Develop the deep learning model for cell free DNA analysis

cuhk-haosun / course-MBI6013

Material for Msc. research project MBI6013

GNU General Public License v3.0

0 stars 2 forks source link

Develop the deep learning model for cell free DNA analysis #7

Open 223050025 opened 7 months ago

223050025 commented 7 months ago

Talking with Dr.Sun to ensure the research topic, read the paper "DNA methylation analysis explores the molecular basis of plasma cell-free DNA fragmentation. Nature Communications, 14(287), https://doi.org/10.1038/s41467-023-35959-6".
Run the code with public dataset first. The final goal is to try to use deep learning model to classify and analyse the cell-free DNA dataset, and build the docker.

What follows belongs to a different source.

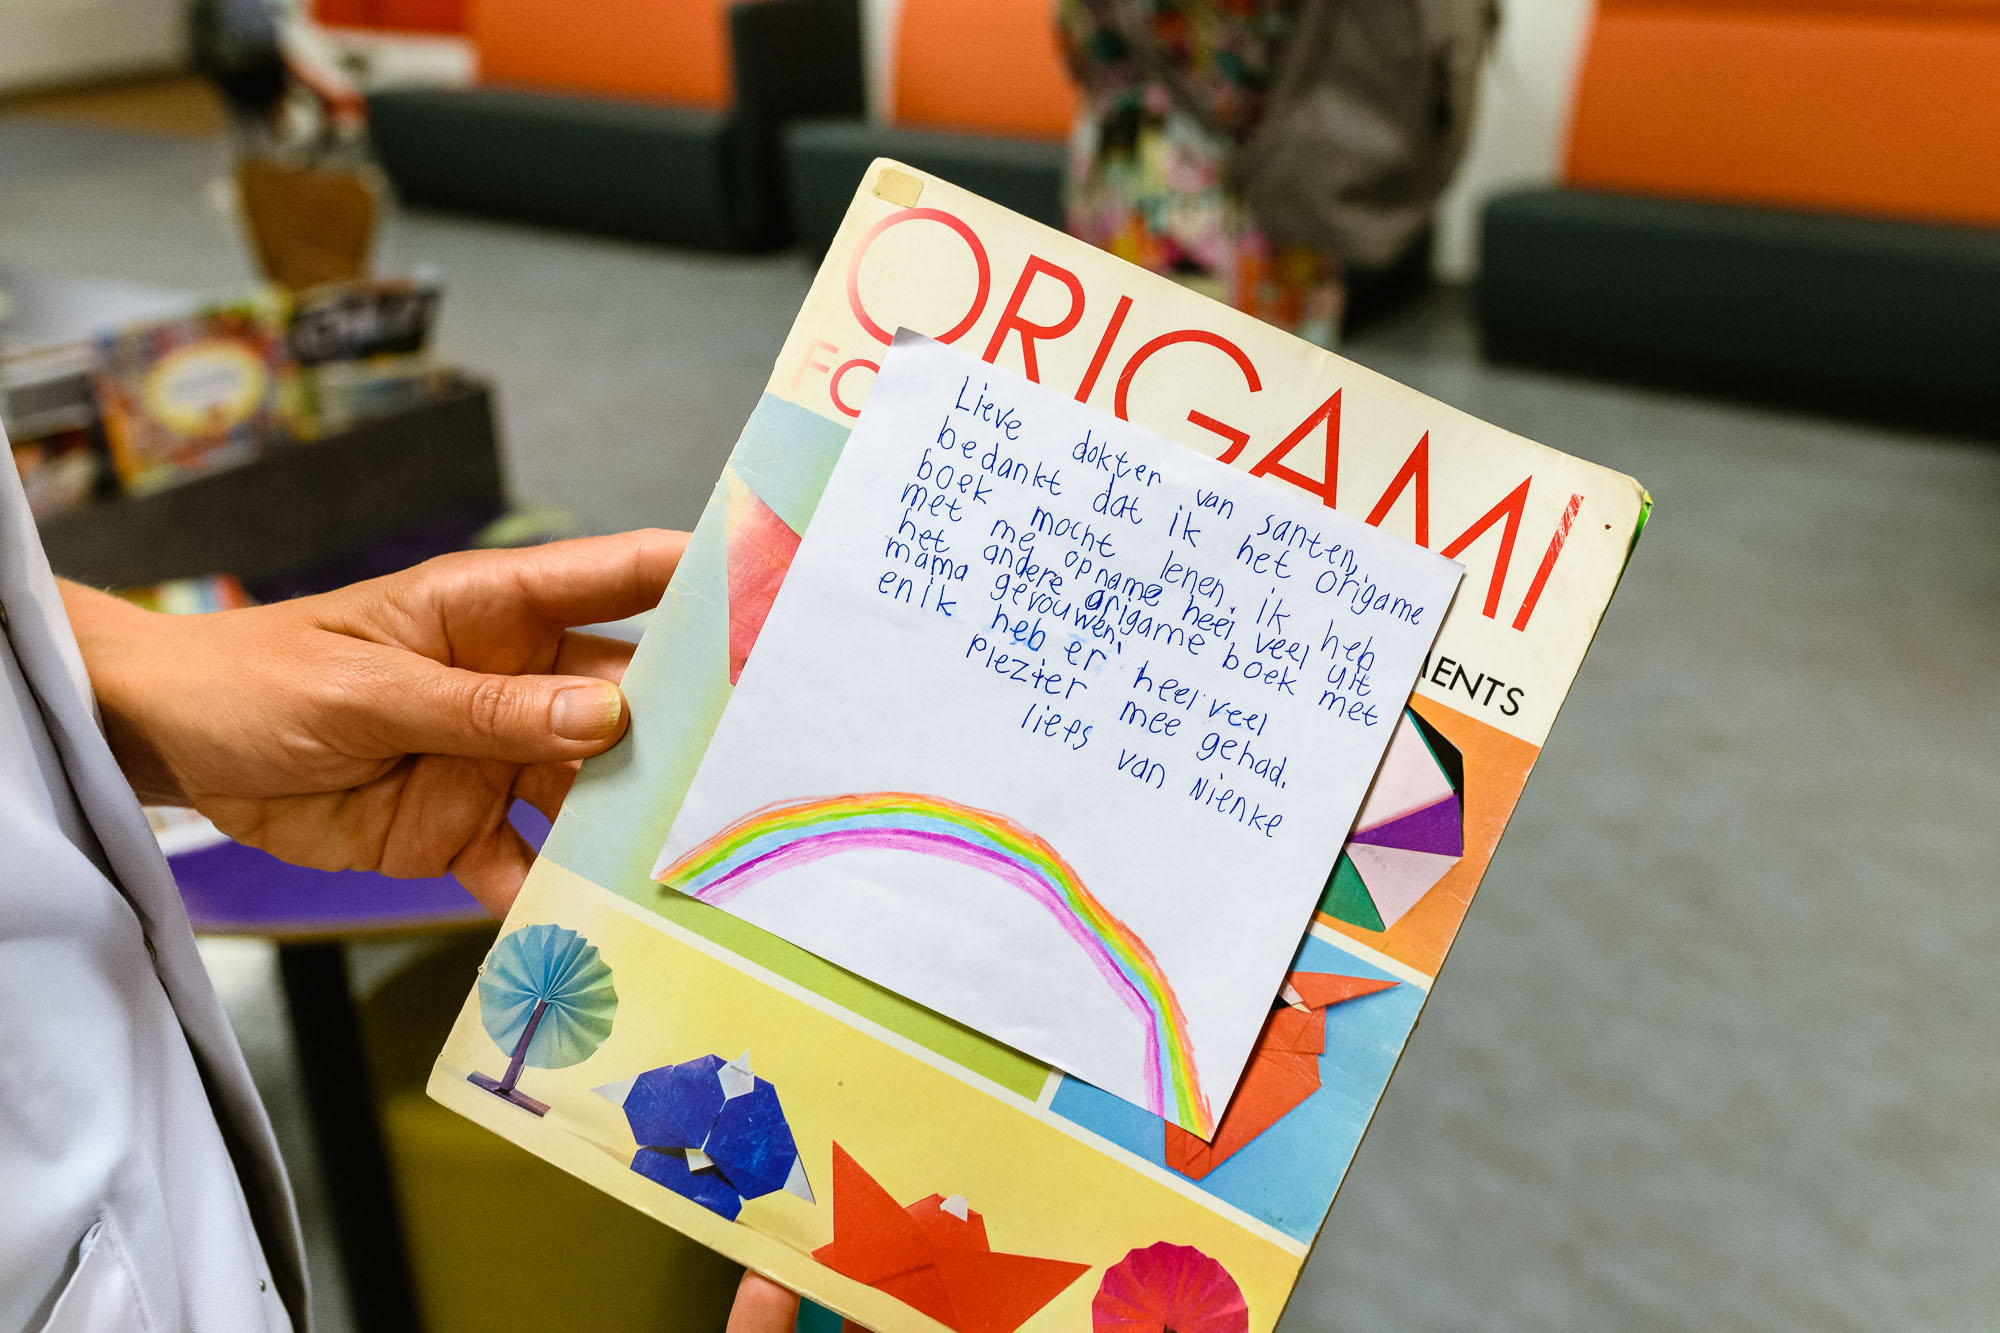 Nienke bracht het geleende origami-boekje terug en had daar een prachtig briefje voor de dokter bij geschreven. Beeldbank UMC Utrecht en WKZ polikliniek bezoek.

223050025 commented 7 months ago

Public cfDNA whole genome sequencing datasets: GSE71378, GSE124686, GSE81314
WGBS dataset: CRA001537

Milokita commented 7 months ago

Public cfDNA whole genome sequencing datasets: GSE71378, GSE124686, GSE81314

WGBS dataset: CRA001537

pls specify the save path of your data

223050025 commented 6 months ago

Try to use SRA ToolKit to download fastq files. As example, GSE71378's raw file id is SRR061633, comment "fastq-dump --split-files SRR061633" will split two original paired-end reads (paired sequencing sequences) into two files, with the first and second sequences of each paired reads stored separately.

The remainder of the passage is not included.